Ника повернулась на бок и пихнула кулаком нагретую подушку.
Конечно, не повод. Но как жалко всех, кто так же, как она — смотрит в зеркало на все еще красивую фигуру, гладкую кожу и слышит, как тихо шуршит песок в женских часах, неумолимо истекая в прошлое.

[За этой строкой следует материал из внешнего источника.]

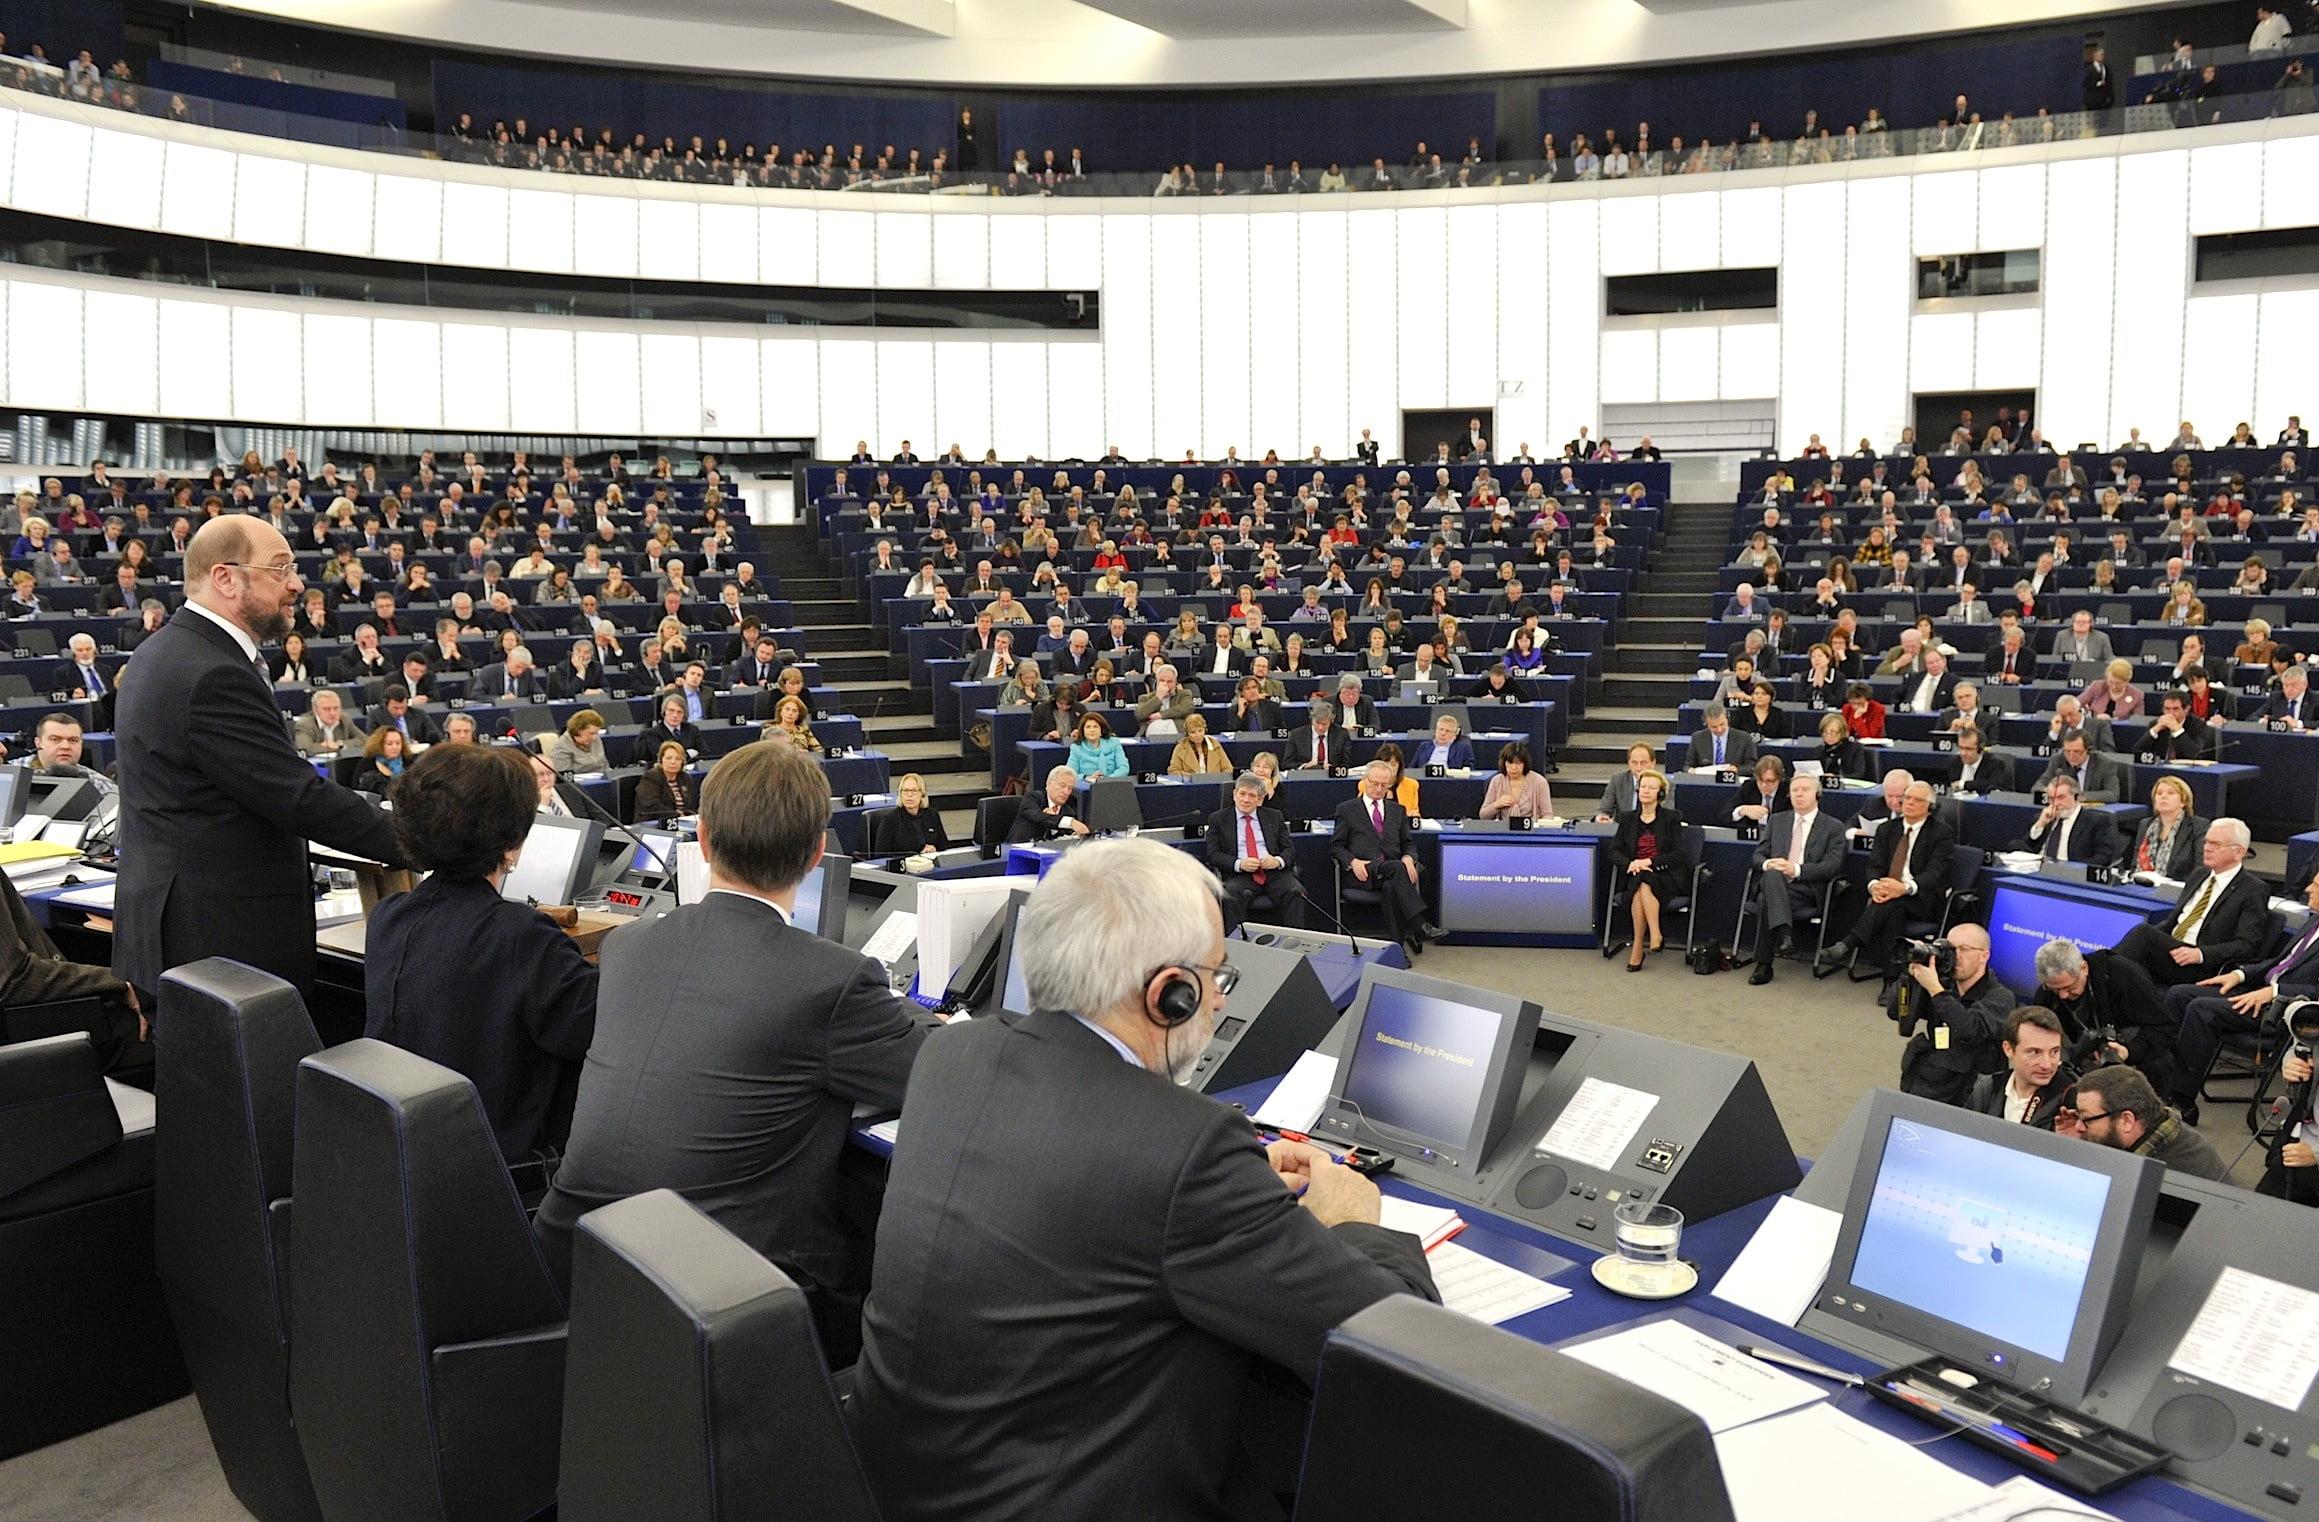 Dezbaterea despre Romania in Parlamentul European, transformata in circ de Dambovita

Не успеешь оглянуться — год прошел, еще два, пять лет… А вся любовь сводится к телеграммам, редким телефонным разговорам, да лихорадочным поспешным ночам, хочешь — не хочешь, надо, а то через неделю снова врозь.
А потом, во время ежемесячных визитов к врачу с санитарной детсадовской книжечкой, лежишь дурой в кресле, раскинув ноги, и старая гинекологиня, заглядывая, обязательно спросит:
— Половой жизнь живешь? Регулярно? Надо, милая, а то скоро начнутся болячки.
И получается, что старая врачиха заодно не с Никой, которая старается жить, как положено, а с шебутной Васькой и с ироничной Тиной, за которой ее Новиков-прибой ухлестывает уже семь лет, а та все тянет и тянет, не желая менять нормальную жизнь на жизнь правильную.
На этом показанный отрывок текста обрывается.